3) Instead of using AND the internal synchronization of the SynchronizedMap AND the synchronization in the InMemoryUserDao, I would drop the SynchronizedMap completely and replace it by a standard Hashmap (make sure that all methods are going through the lock) It makes reasoning about locking easier. So if you can't use the ConcurrentMap (e.g. a non standard datastructure) just have one location where the locking is done.
By Peter Veentjer on Oct 13, 2008 at 9:01 AM PDT
Well-written clear article handling threading and concurrency. Outstanding at the conceptual level.

The implementation details will of course be language specific and pattern specific, and there exists more than one way to accomplish it.

The value to me in the article is the clear handling of the concepts of threading, concurrency, related issues, and strategies to manage them.
By Dave Milner on Oct 13, 2008 at 10:44 AM PDT
Great article Willie. C# programmers that may be interested in how to accomplish synchronized methods should look into decorating the methods with the MethodImpl attribute

[MethodImpl(MethodImplOptions.Synchronized)]

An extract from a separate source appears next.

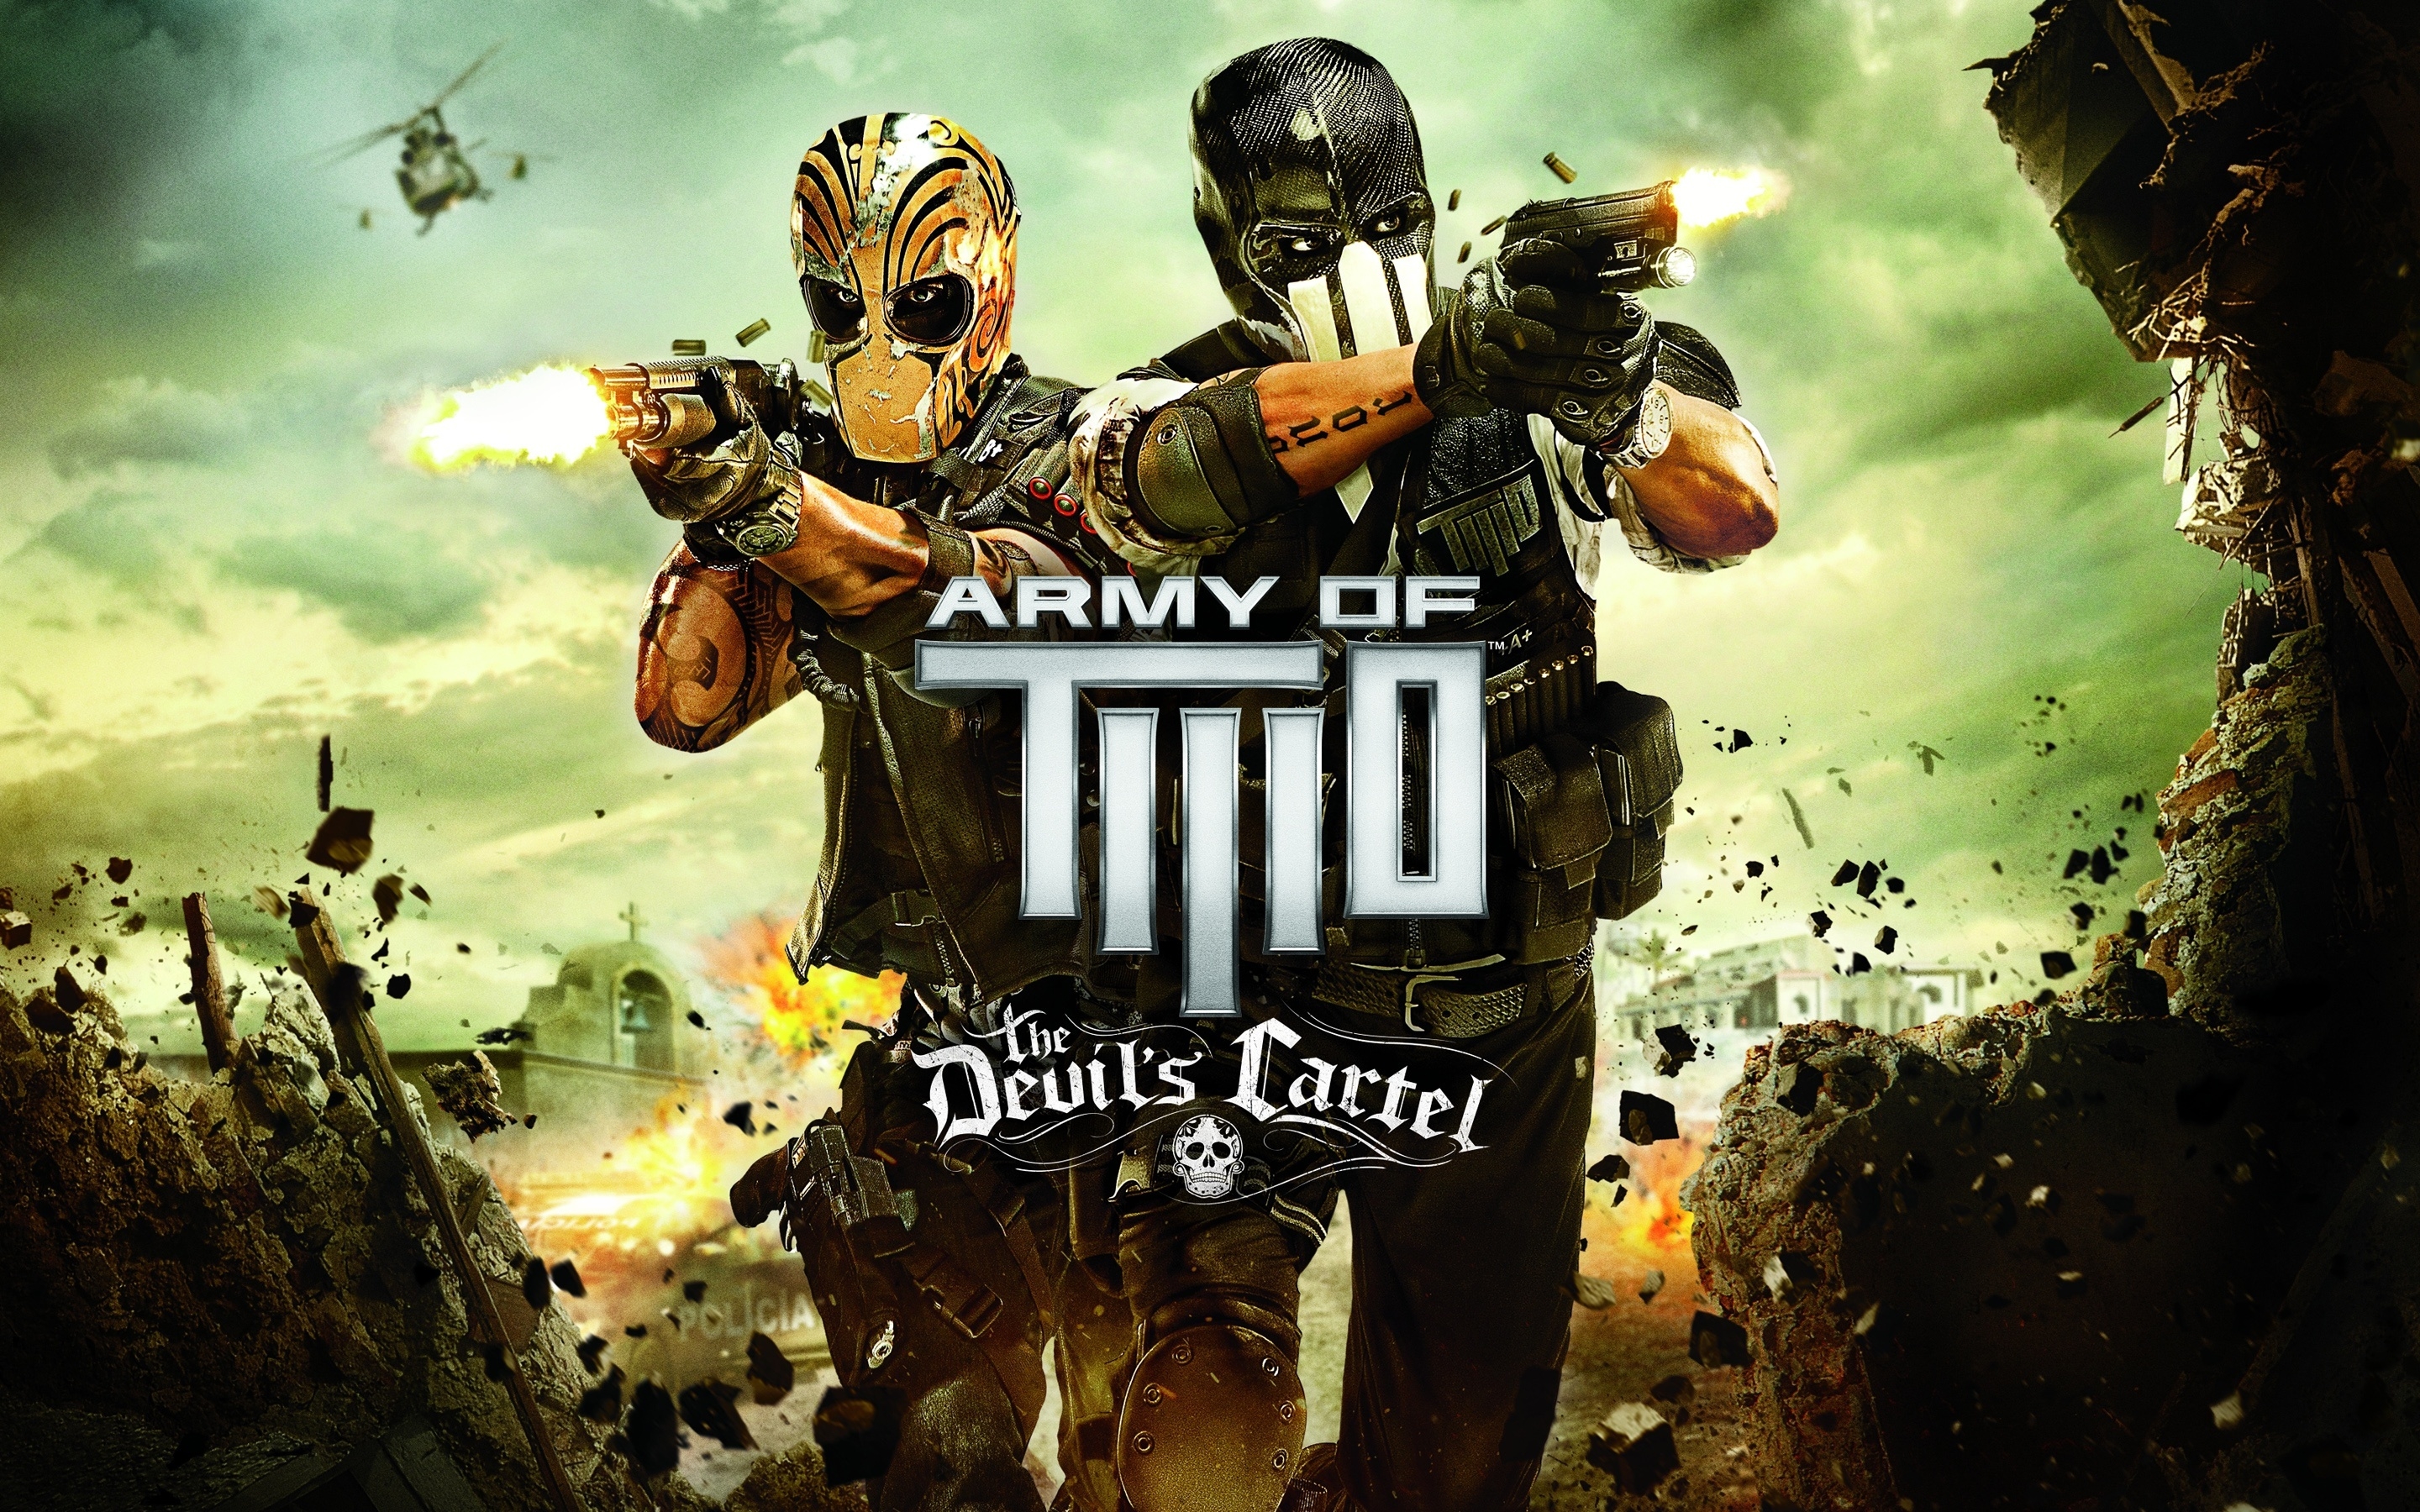 Army of Two The Devils Cartel for 2880 x 1800 Retina Display resolution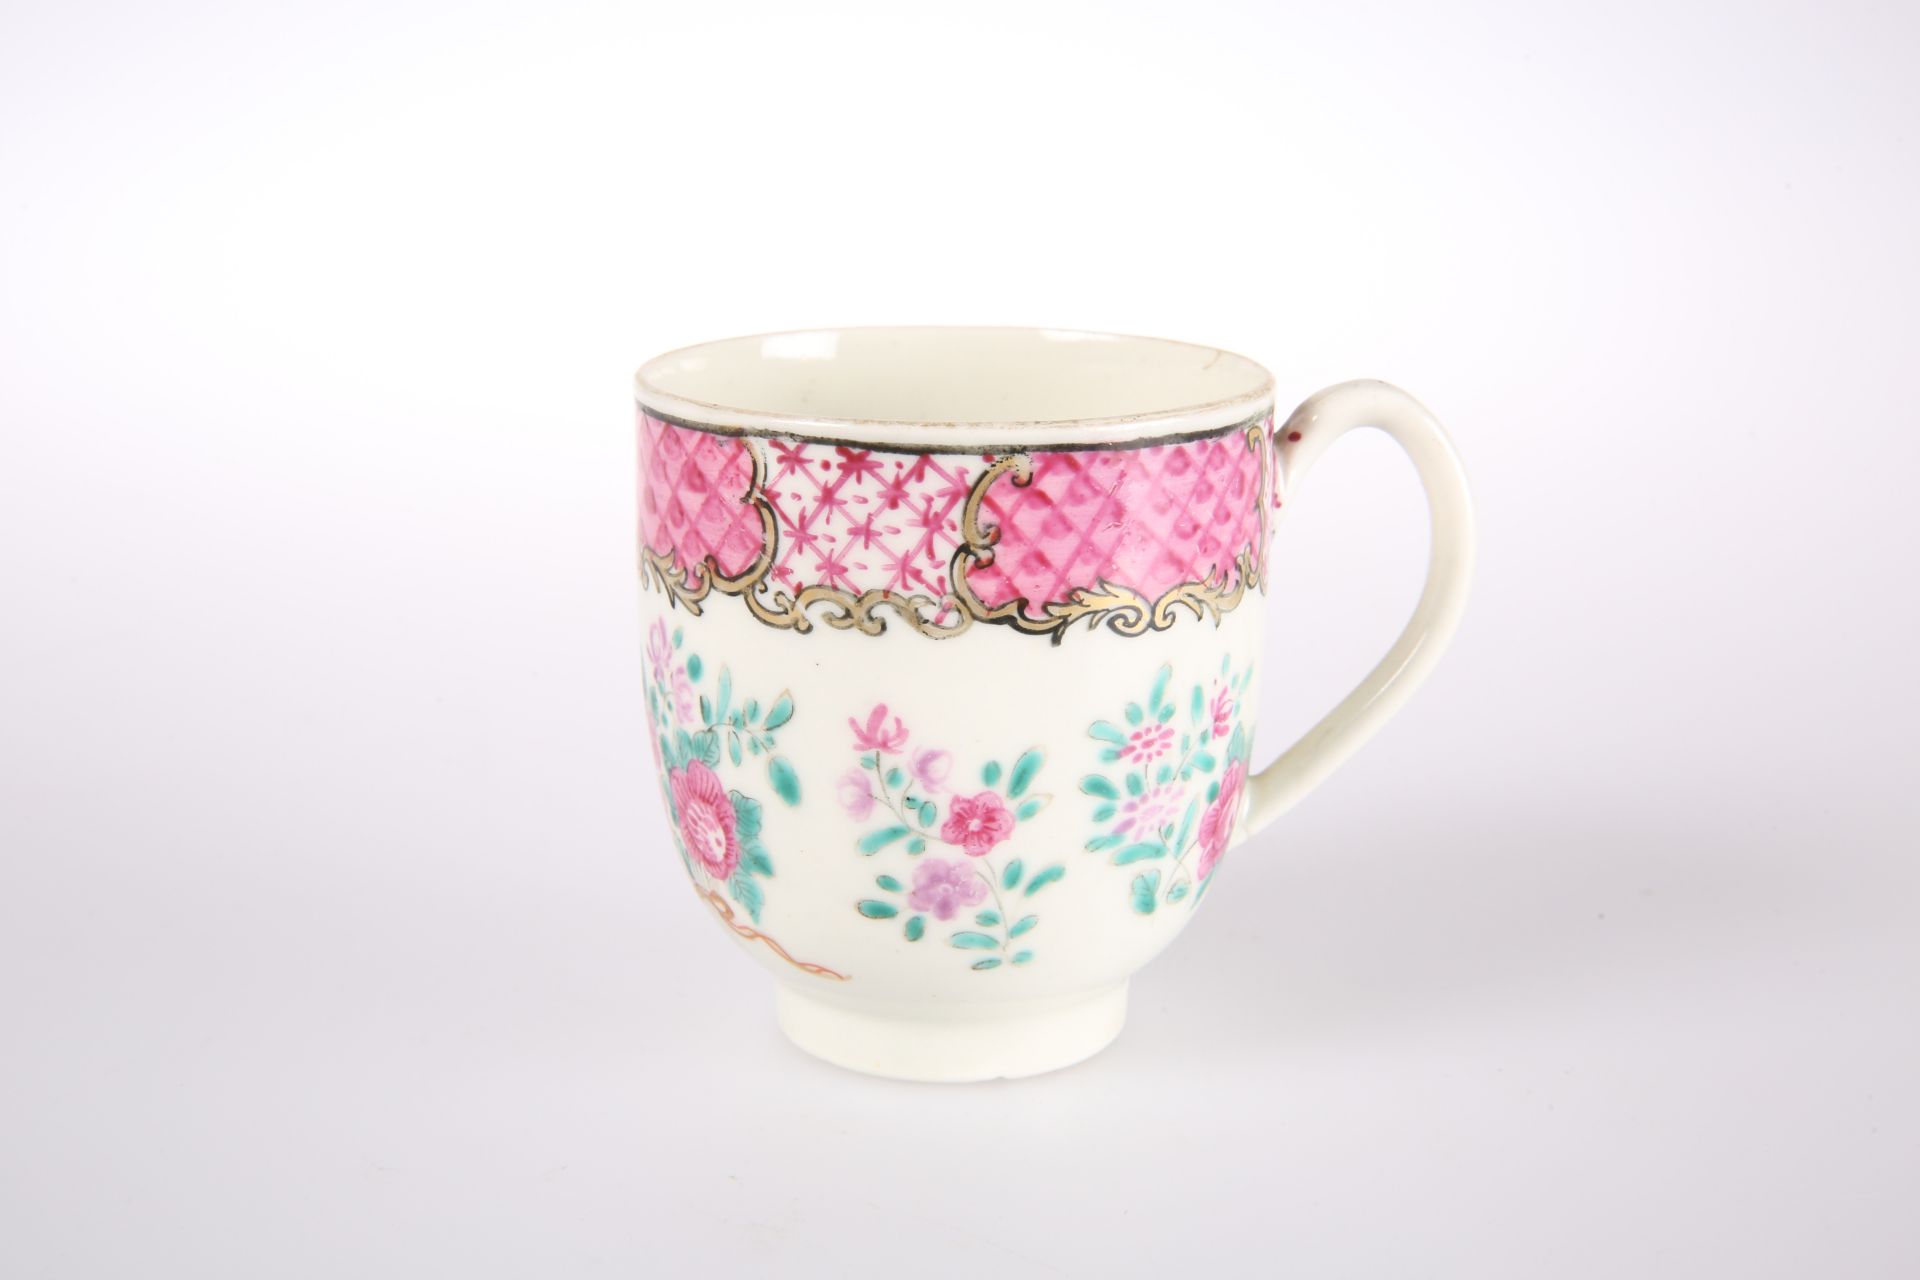 A WORCESTER POLYCHROME COFFEE CUP, CIRCA 1770

or just wrap the entire content of your method in a lock statement.

e.g.

public class MyClass
{
public void MyMethod()
{
lock(typeof(MyClass))
{
// contents of method
}
}
}
By Collin Couch on Oct 13, 2008 at 11:01 AM PDT
@Peter: Ah, good catch re #1. Yes, declaring users final will prevent consumer threads from seeing the DAO instance half-published (object created but state not initialized) by the publisher thread. I agree with both of your other points as well. In particular, I like your #3. Concurrency semantics are communicated through documentation more than through language features and so stylistic issues become important. Thanks for the feedback.